What you should do
The data below should be restated word for word, with every picture omitted.

Data block
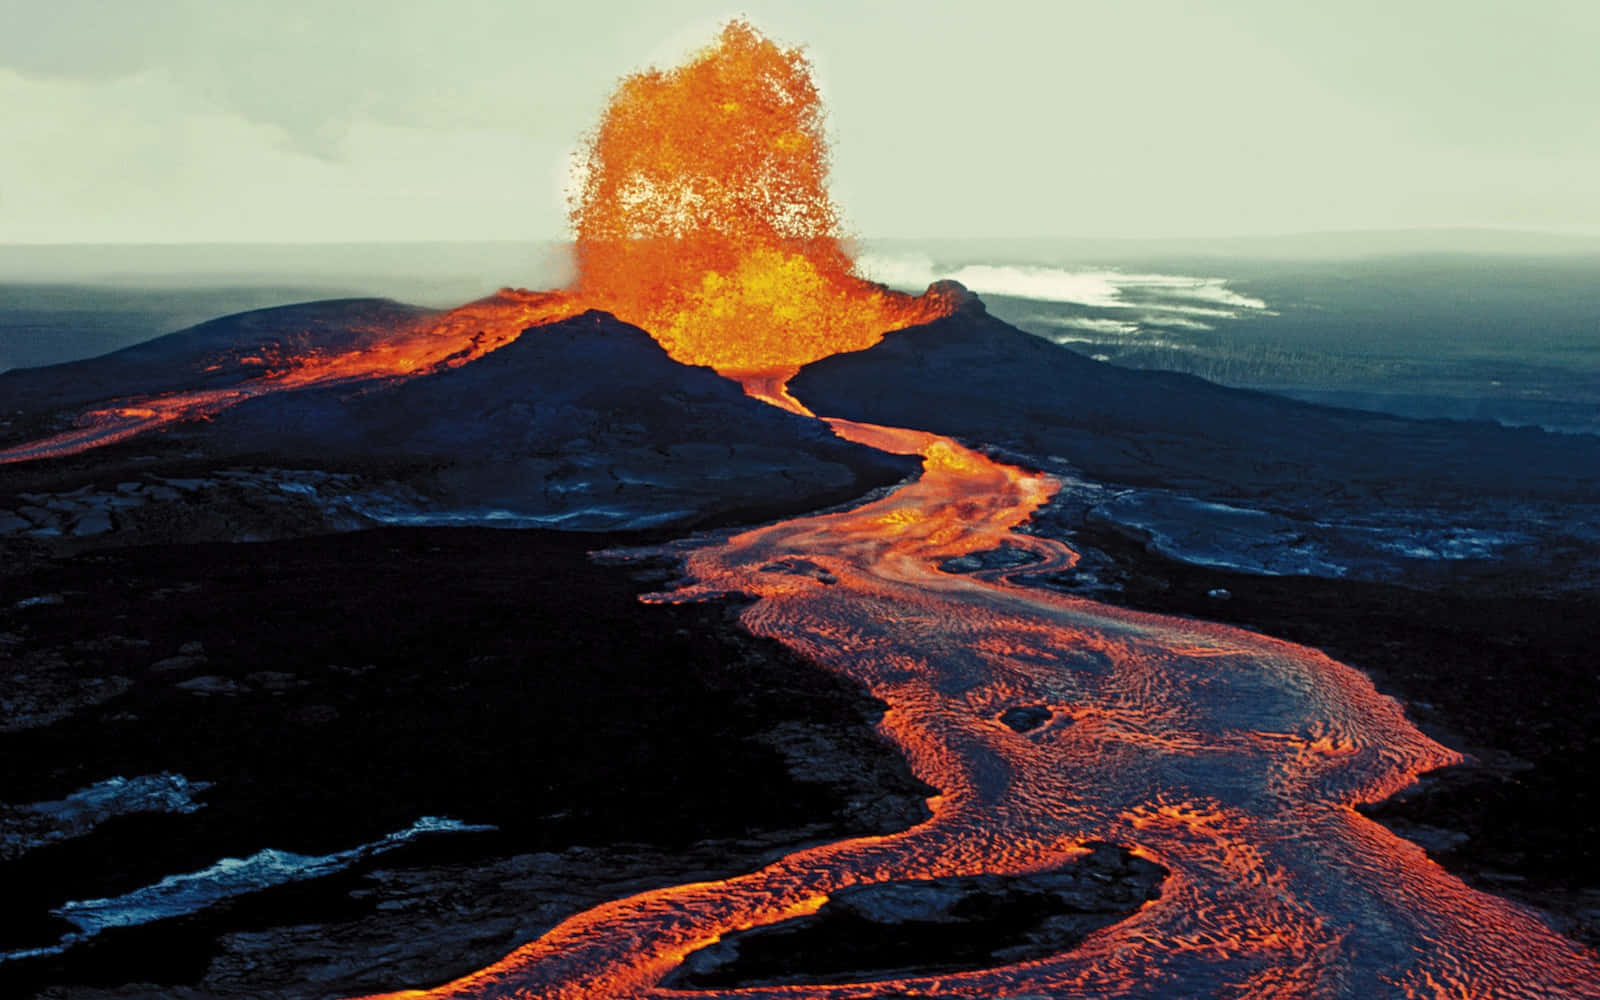 Impresionantevista De Un Volcán Activo En El Océano Pacífico
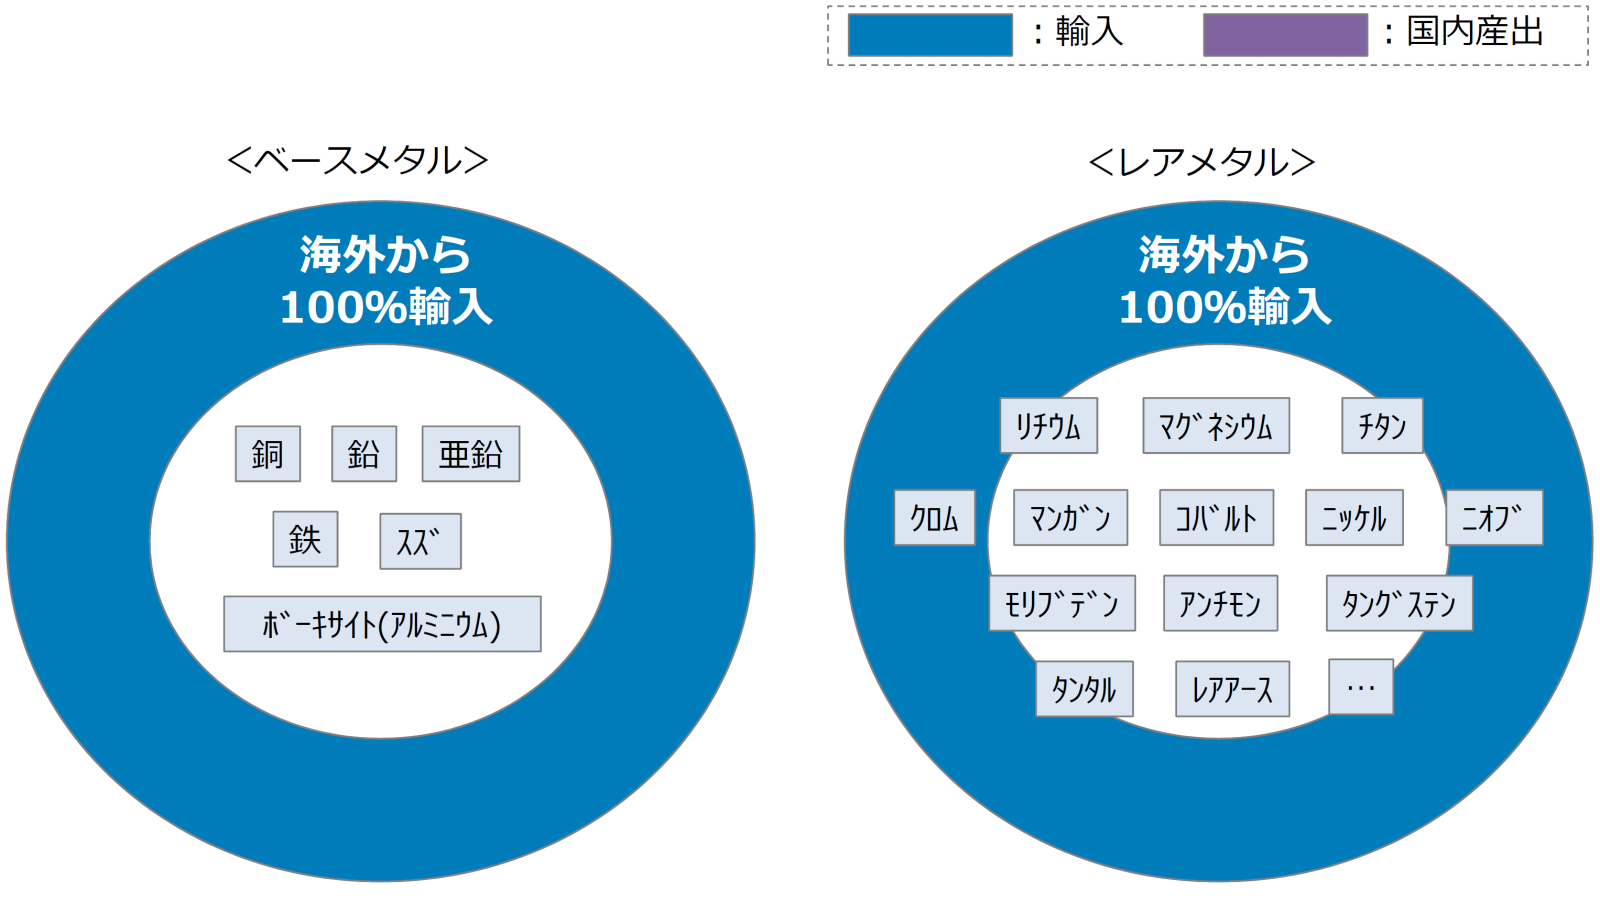 ベースメタルとレアメタルの種類と、100％が輸入であることを示したグラフです
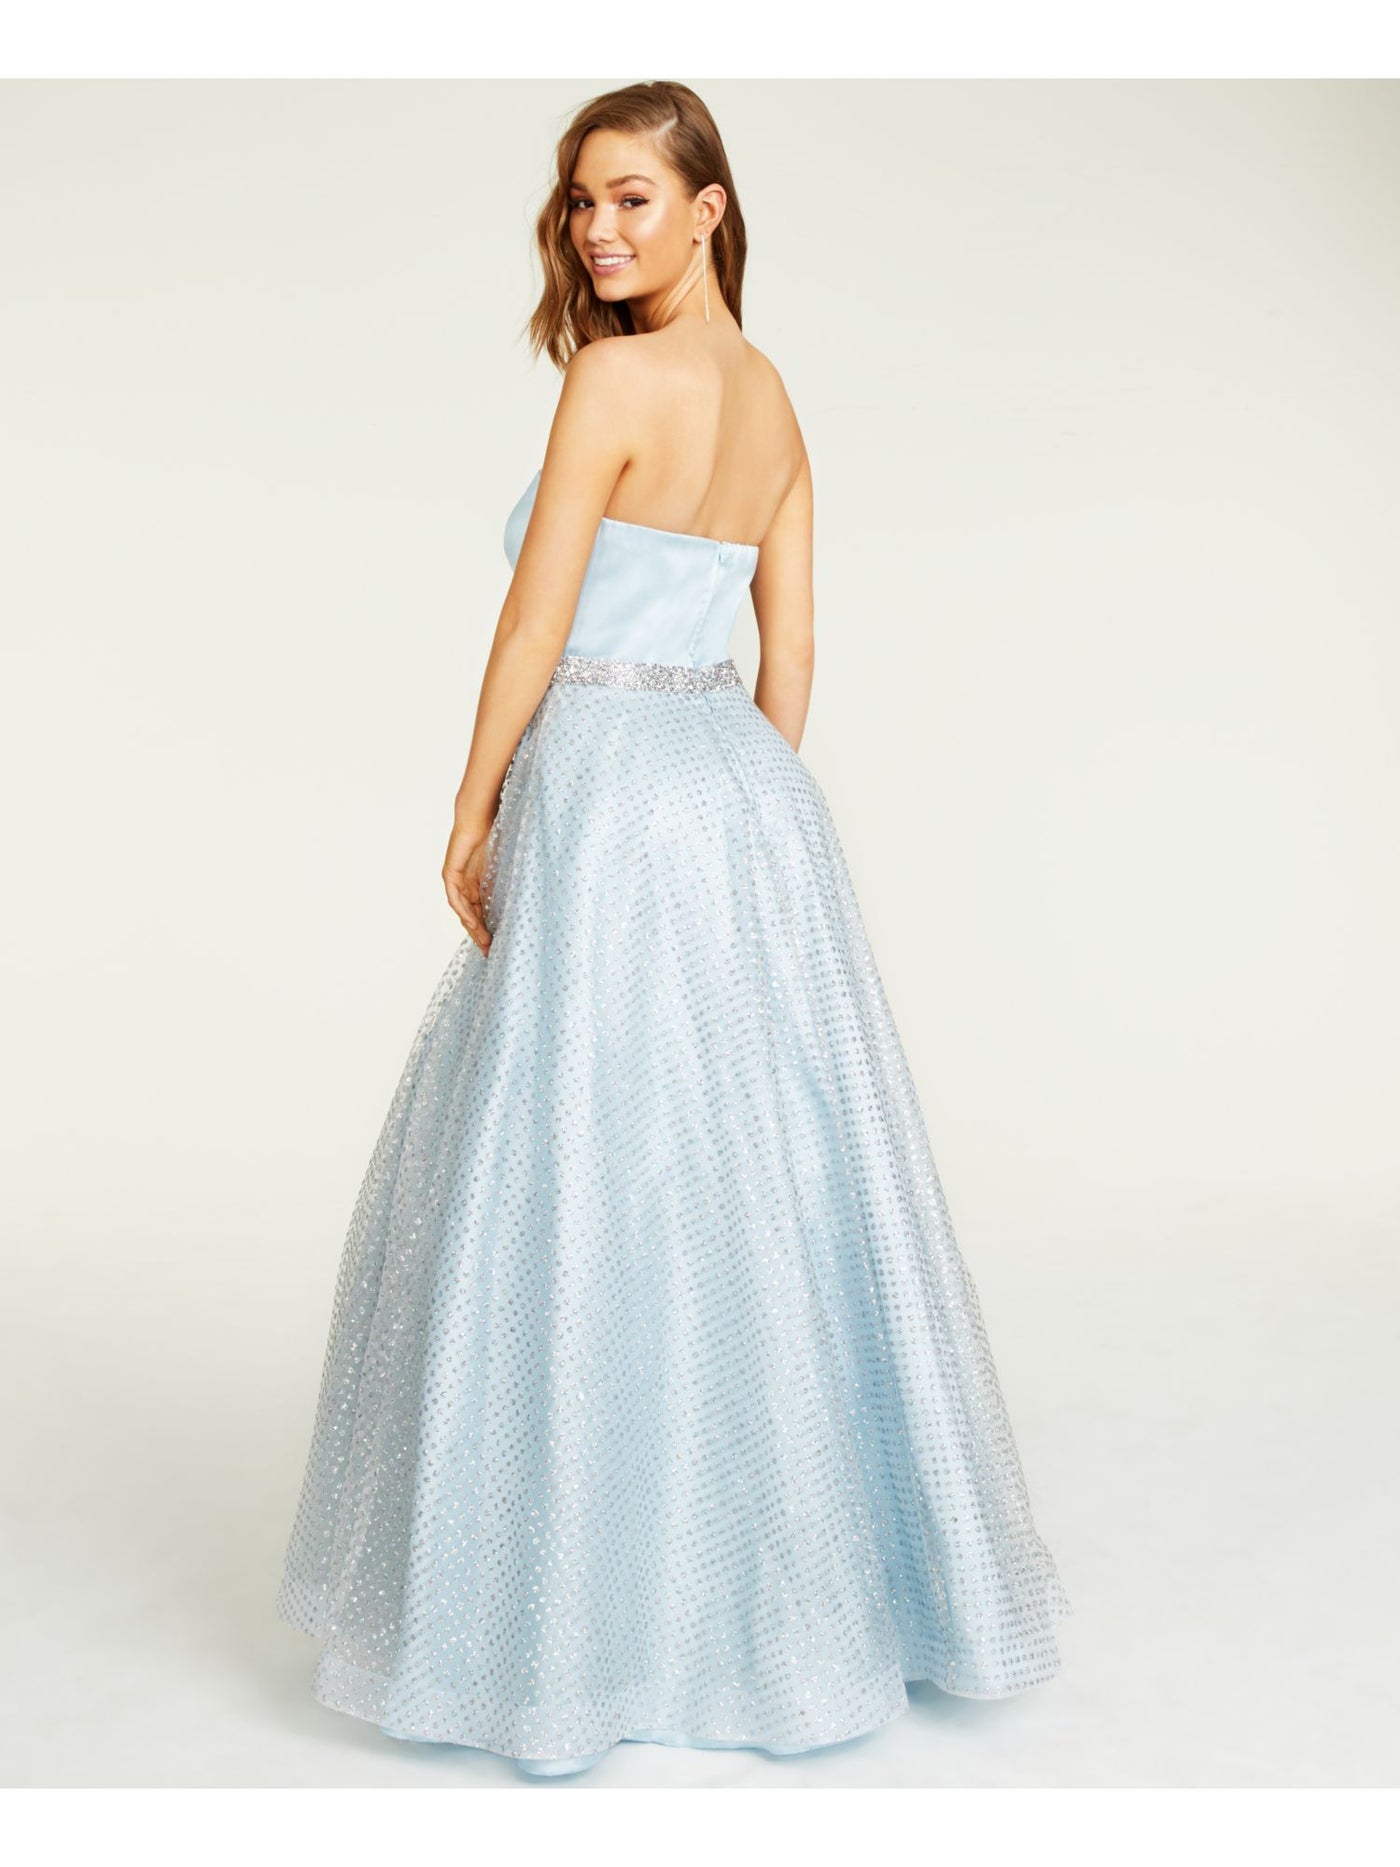 B DARLIN Womens Light Blue Glitter Overlay Sleeveless Full-Length Prom Dress Juniors 13\14

Written response
 Impresionantevista De Un Volcán Activo En El Océano Pacífico
 ベースメタルとレアメタルの種類と、100％が輸入であることを示したグラフです
 B DARLIN Womens Light Blue Glitter Overlay Sleeveless Full-Length Prom Dress Juniors 13\14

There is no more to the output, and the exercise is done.